= Robert Whitty =

Irish Jesuit priest

Robert Whitty (7 January 1817 – 1 September 1895) was an Irish Jesuit priest.

== Biography ==

Born at Pouldarrig, near Oylegate, Whitty entered Maynooth College in his fourteenth year. Having added two years on the Dumboyne Establishment to his college course, he was still too young for ordination. He offered his services to Thomas Griffiths, the Vicar Apostolic of the London District, who ordained him priest at St. Edmund's, Ware, 19 September 1840.

From the first he showed a warm sympathy with the Oxford converts and formed a friendship with John Henry Newman and Frederick Oakeley before they had become Catholics.
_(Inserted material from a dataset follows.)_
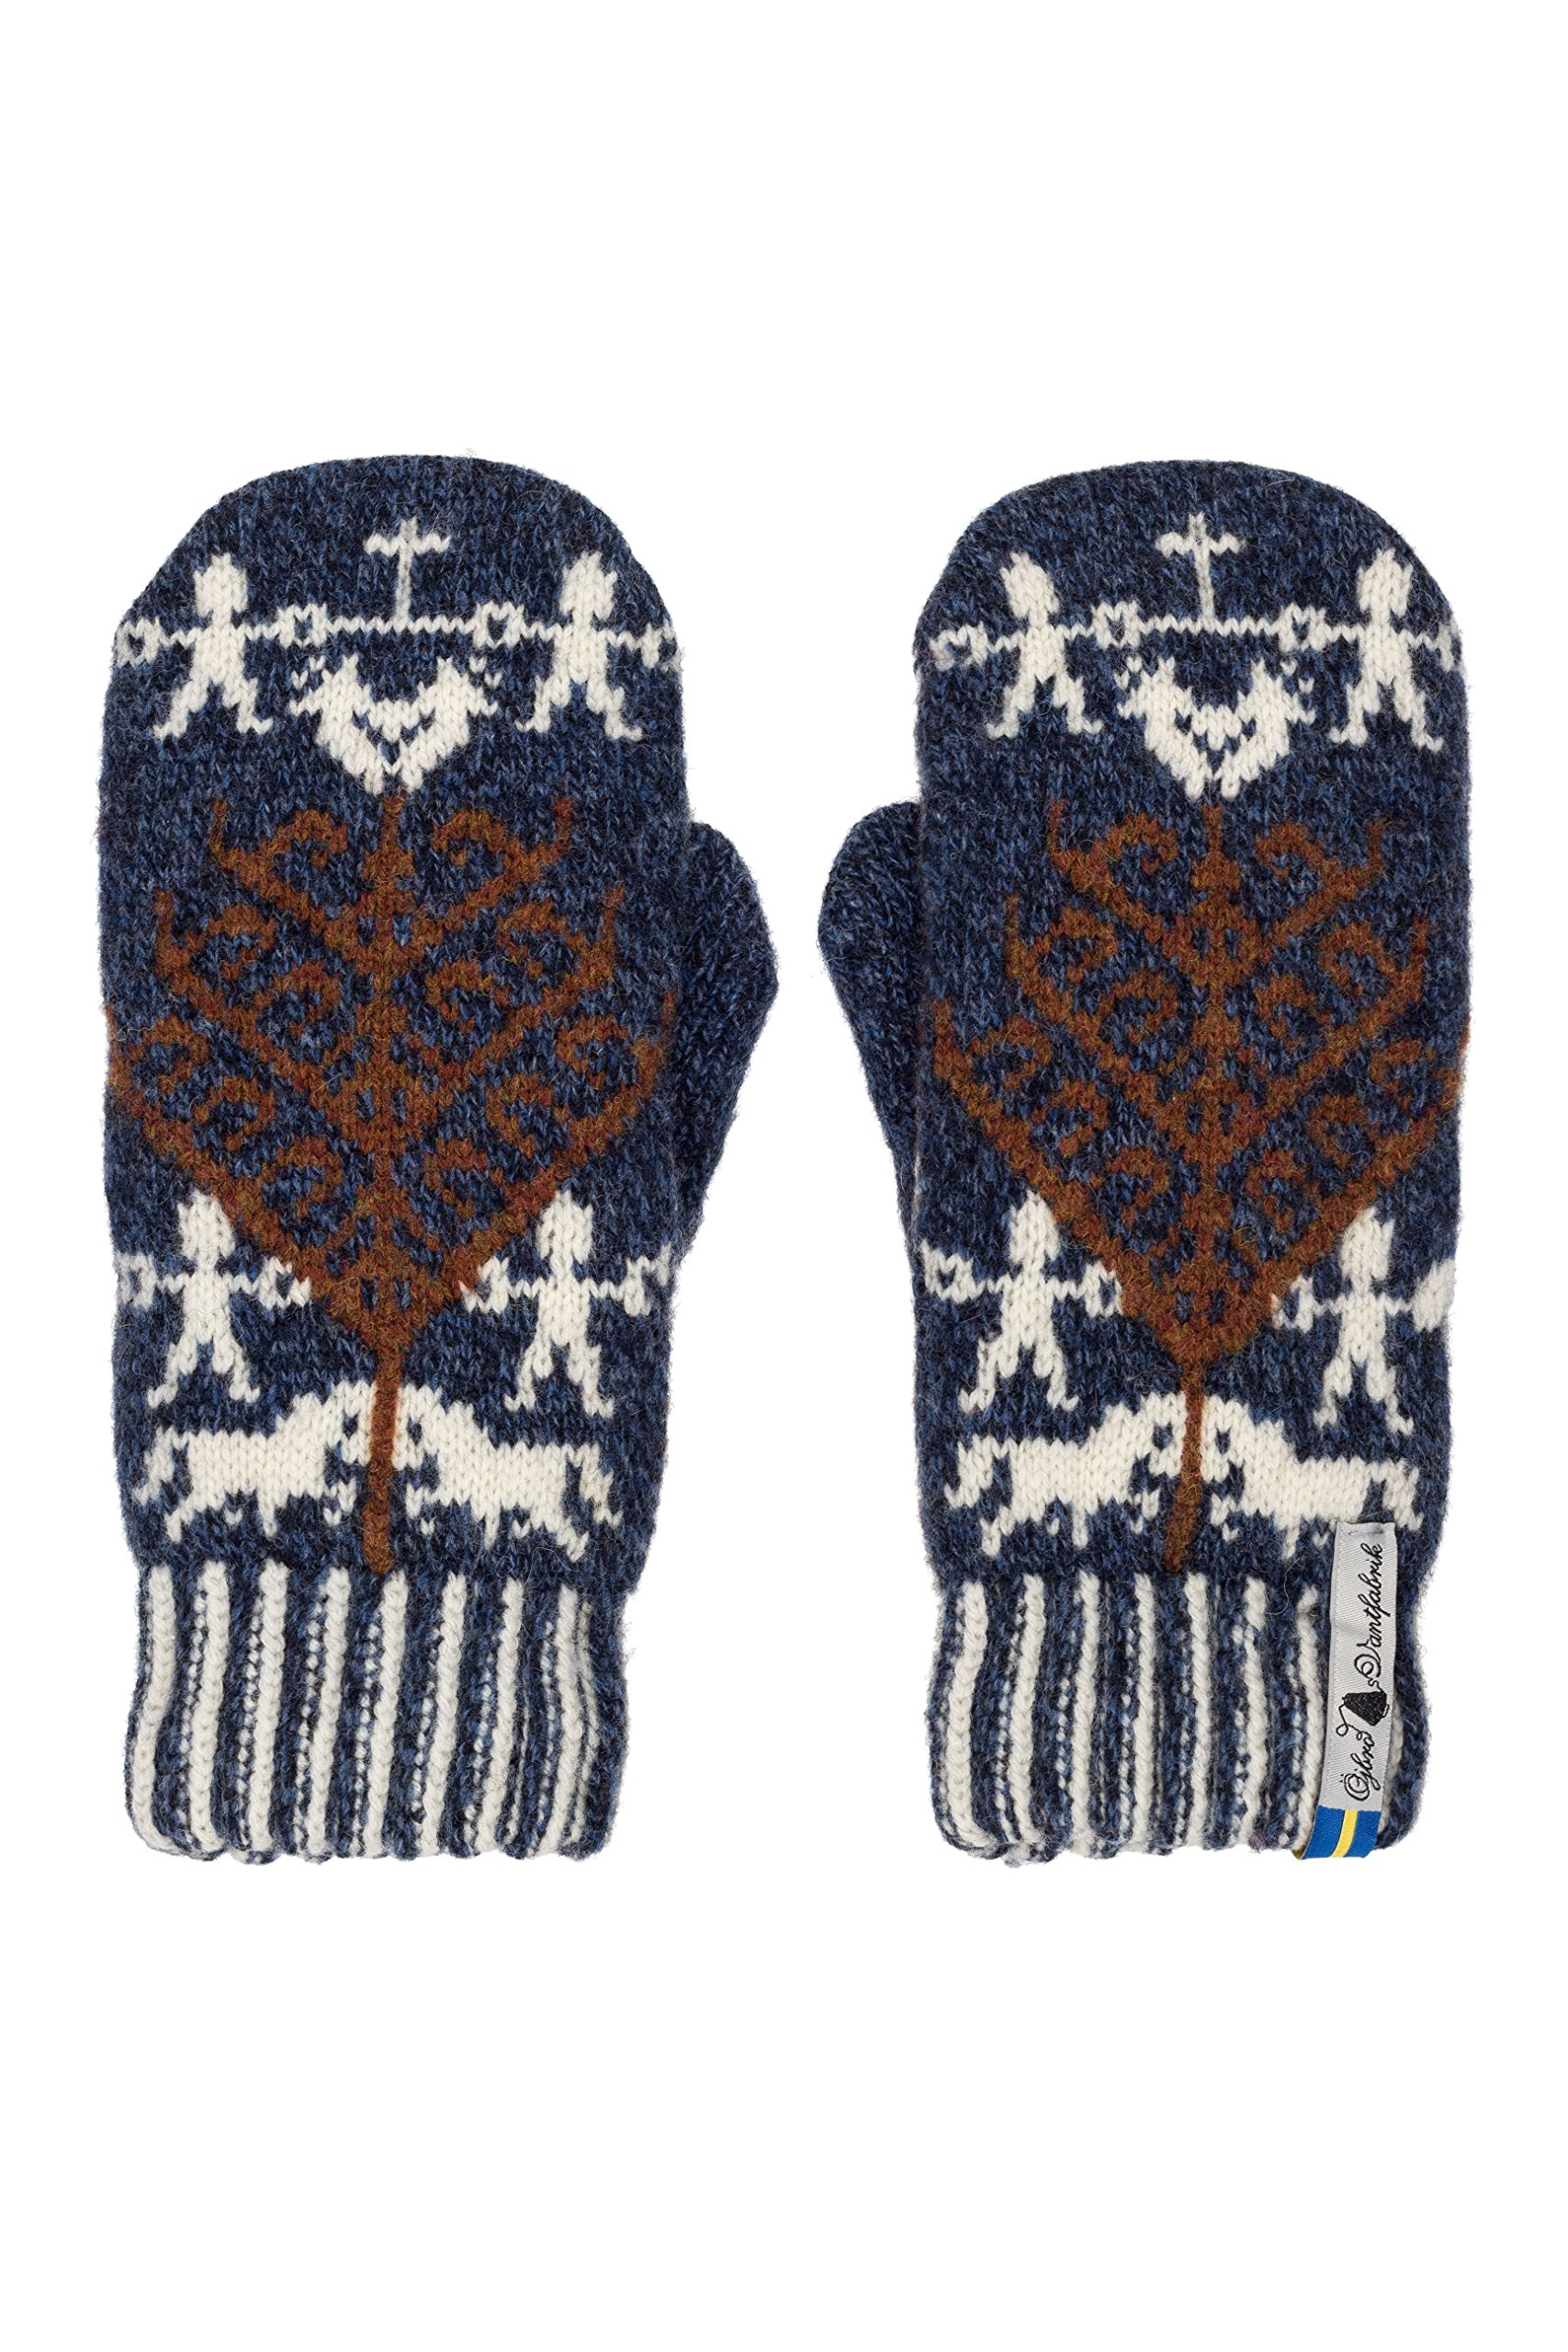 Öjbro Swedish made 100% Merino Wool Soft Thick & Extremely Warm Mittens (Small, Yggdrasil Livtrånad) (Small, Yggdrasil Livtrånad)

Nicholas Patrick Wiseman showed his appreciation of his priestly zeal by making him provost of the newly appointed metropolitan chapter and his vicar-general in 1850.

In this capacity he was responsible for the publication of the pastoral "From the Flaminian Gate". Whitty recounted some English readers taking the publication as a form of Catholic aggression; "The Cardinal never blamed me", Whitty wrote long afterwards, "but others did."

In 1857, Whitty obtained leave to resign his position, and entered the noviceship of the Society of Jesus at Verona. On his return to England he was appointed professor of canon law in St. Beunos College in North Wales. After labouring for some time in Scotland, he was appointed provincial. Subsequently, he was assistant to Anthony Maria Anderledy, the Jesuit Father-General.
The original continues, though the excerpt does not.